Todd's Points 1) Welcome Xiaoqi back to OCIR team! 2) Reconsider strategy for genome Tiers

  • Discontinuity between species with regards to the data we capture
  • WormBase does not need to be C. elegans-specific
  • User wanted to see C. angaria page, but no Gene IDs for angaria
  • Pages should be the same across species

Couple possible options: 1) Discard with Tiers strategy OR 2) Keep it internal

  • Can ACEDB handle the Tiers system?
  • Maintaining identifiers between builds is a fairly major commitment
  • Manual curation associated with gene identifiers
  • What happens if we don't maintain unique identifiers?
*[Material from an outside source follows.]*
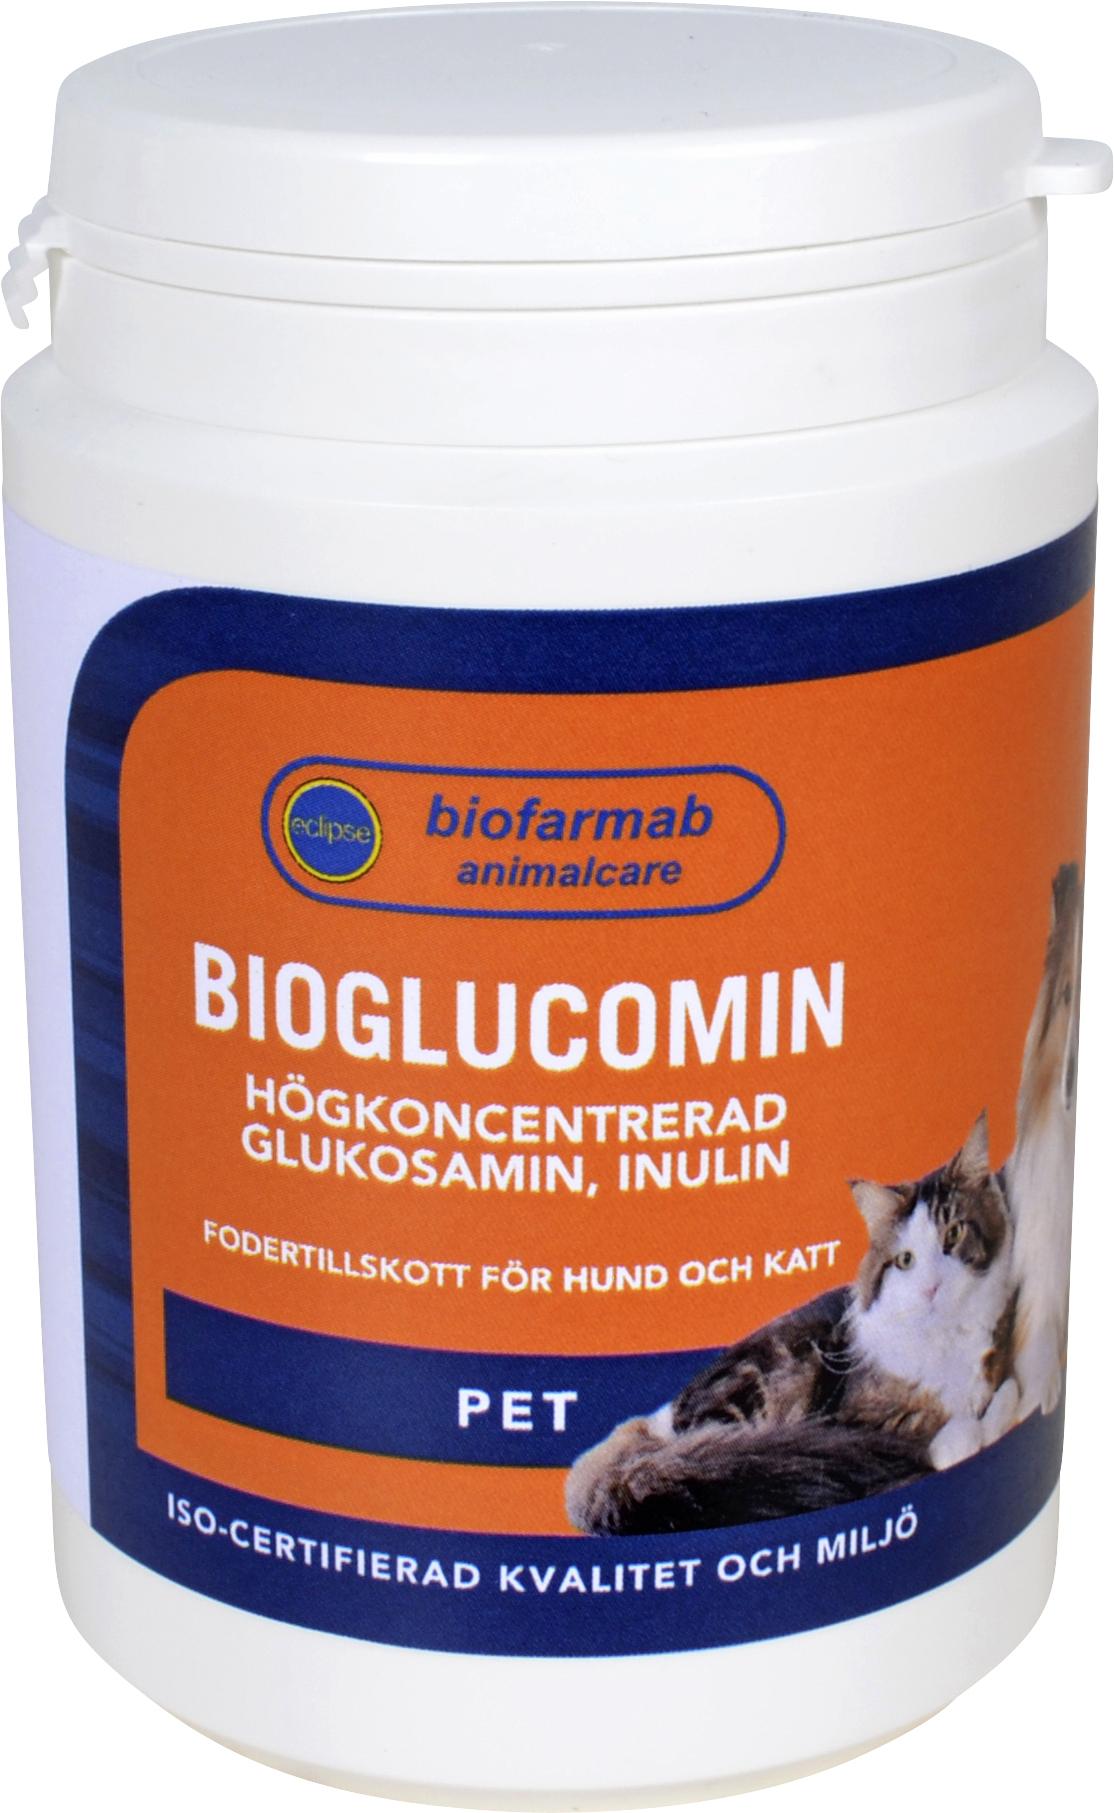 Näringstillskott Eclipse Biofarmab Bioglucomin, 150 g

Versions, more digits on ID?
  • Assemlies we have, each gene has an ID, just not WBGene IDs
  • Treat a genome as just a genome
  • Don't need to worry about conditional checks for each species

**OK for build and website? **Website, yes **Build - we don't have all the data for Tier III species like we do Tier II species, etc. **Todd - Absence of data isn't a problem

  • Curatorially keep separate, but from user perspective keep consistent
  • Need to consider before majorly scaling up number of genomes
  • Build may require more thought
  • Different data types will pop up for other species; eg. RNASeq data for other Caenorhabditis
  • Erich Schwarz planning to do a reassembly of C. angaria
  • Brugia will get reassembled
  • Tiering, to some degree, is just internal; have tried to keep Tier system away from users
  • Non-core species, objects will not stick around in current state
  • Generally, genomes will not be reanalyzed substantially;

Two threads of conversation 1) What does an identifier mean? Entering into contract with users when providing identifiers 2) Some genomes get identifiers, others don't; this should be addressed

  • Virtually no work on the build side to add many genomes with GFF files, etc.
  • How do we develop concise descriptions, build pathways without IDs?
  • What do we plan to manually curate?
  • May want to see C. elegans concise descriptions on other genomes gene pages (orthologs)?
  • We could: get from third parties, datasets already have identifiers
  • Instead of applying WBGene IDs, use existing IDs from data providers
  • Problem for new assemblies; actively reworking assemblies
  • Part of data submission standards; if you re-annotate genome, mandate mapping IDs over?
  • Stable genomes may not be an issue
  • How onerous is remapping the genome?
  • Add fine print to contract with community, requires user remapping
  • Let gene ID perish? Keep sequence for gene model, but don't re-use it?